There was plenty of parliamentary drama as the House took up its first bill of the session Thursday and then tabled it after about a 90-minute debate.
The bill regarding data practices in the Office of the Attorney General therefore returned to its place at the top of the Calendar for the Day, ready to possibly be taken up again at a future date.
When the debate ended, and as the green and red lights on the House voting display were lighting up along party lines, it became clear that HF20 would lack the needed votes. Sixty-eight votes are required for passage; Republicans hold a 67-66 seat advantage.
That’s when House Majority Leader Harry Niska (R-Ramsey), the bill sponsor, changed his vote from “yes” to “no.” Per House Rules: “After a question is decided either in the affirmative or negative, a member who voted with the prevailing side may move to reconsider it.” Niska immediately did.
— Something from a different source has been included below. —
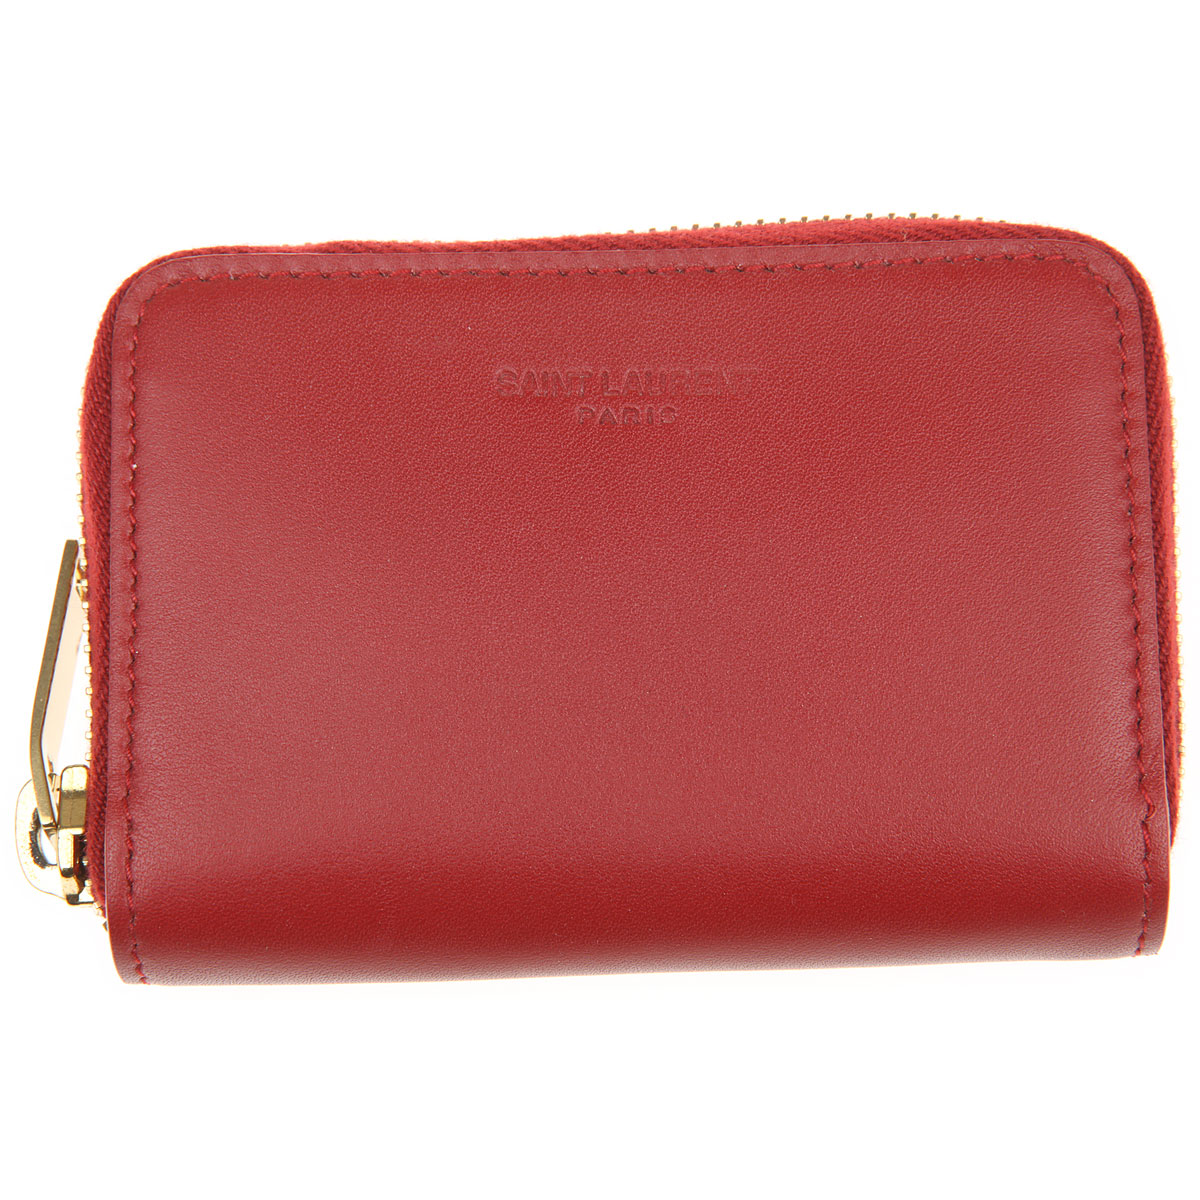 Womens Wallets Yves Saint Laurent, Style code: 326598-rosso-

His motion prevailed on a 67-65 party-line vote, and his next motion to table the bill was adopted on a split voice vote.
So, the House ended up where it started.
The bill would have made data collected by the attorney general’s office, such as information collected during investigations of consumer complaints and “whistleblower” actions, classified as private only if they were truly data “on individuals.”
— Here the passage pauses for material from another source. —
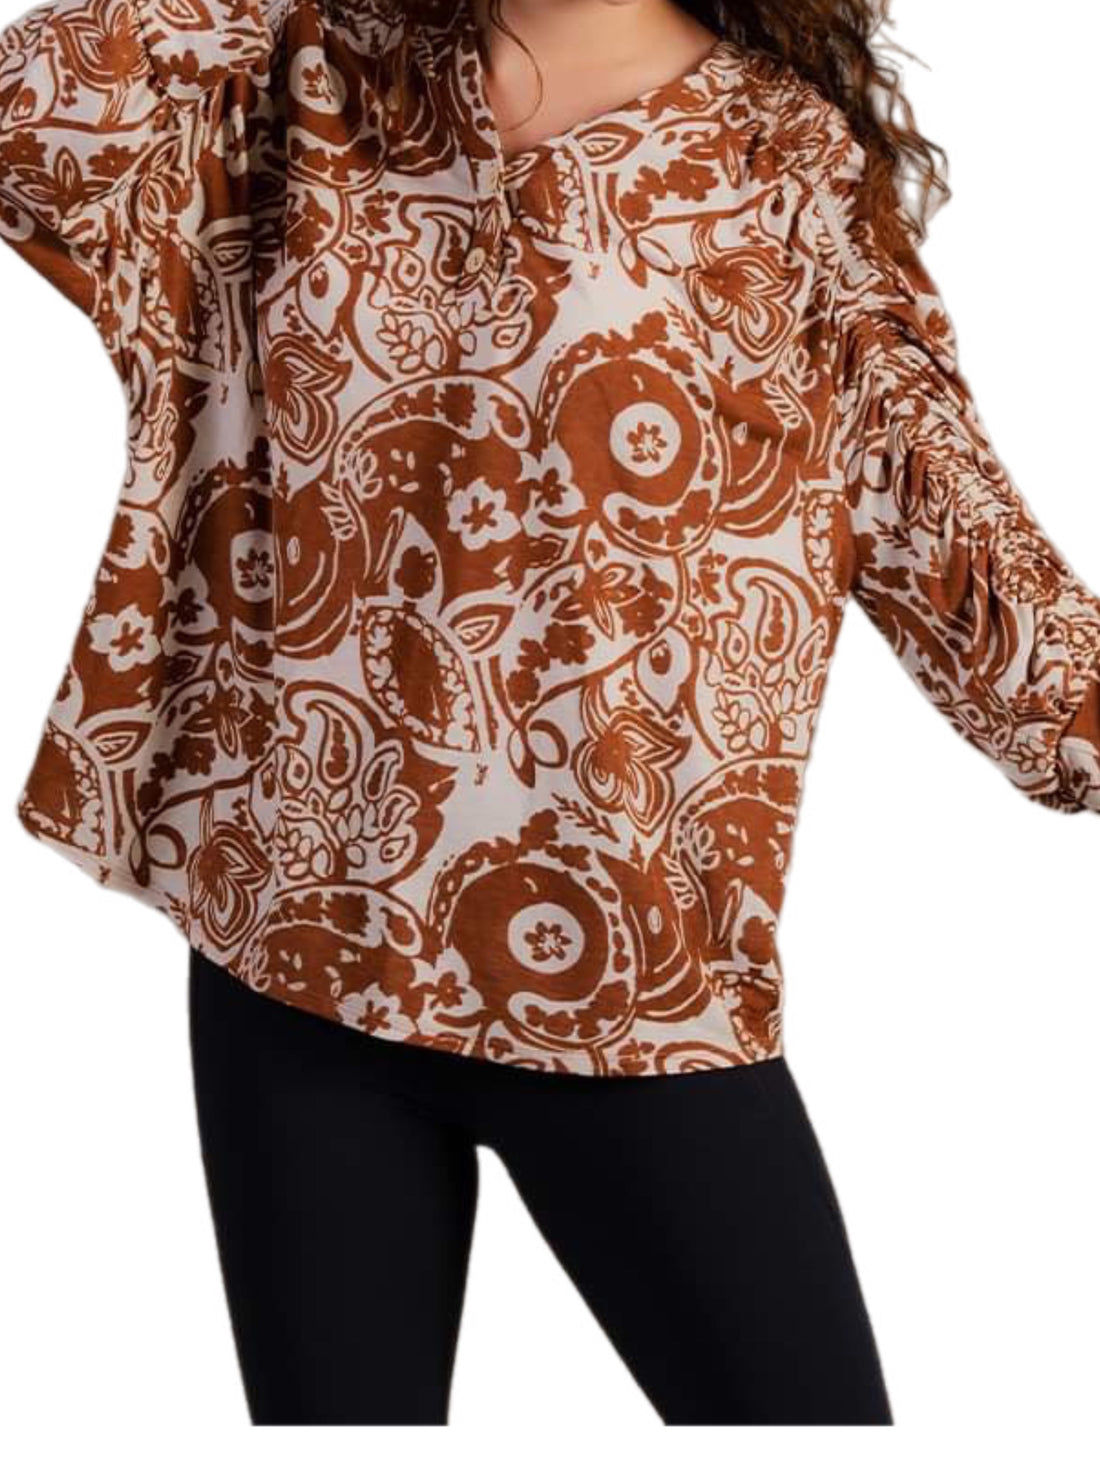 Brown & White Paisley Shirt w/ Ruched Sleeves

Niska characterized the bill as a “sunshine” act.
“Government transparency needs to be an absolute value in our democracy,” Niska said. “We cannot hold our elected officials accountable — including those in such important positions as the attorney general’s office — unless we know what’s going on in that office.”
Niska said the bill impetus is to correct what he calls the state Supreme Court’s misinterpretation of the Data Practices Act in a 2022 decision as it applies to the office.
That decision, he said, gave the office too much leeway to hide from the public how it investigates complaints and how corporations and organizations are influencing those decisions.
Democrats had a different take on that decision, saying the bill would hamper the office’s investigations into civil and consumer complaints, for example, by removing protections certain whistleblowers would have against public disclosure and hence expose them to possible retaliation.
House DFL Floor Leader Jamie Long (DFL-Mpls) cited an example of the need to keep from publicly identifying a family farm organized as an LLC that might rightly fear retaliation for reporting on the misconduct of the large agricultural conglomerates to which it must sell its products.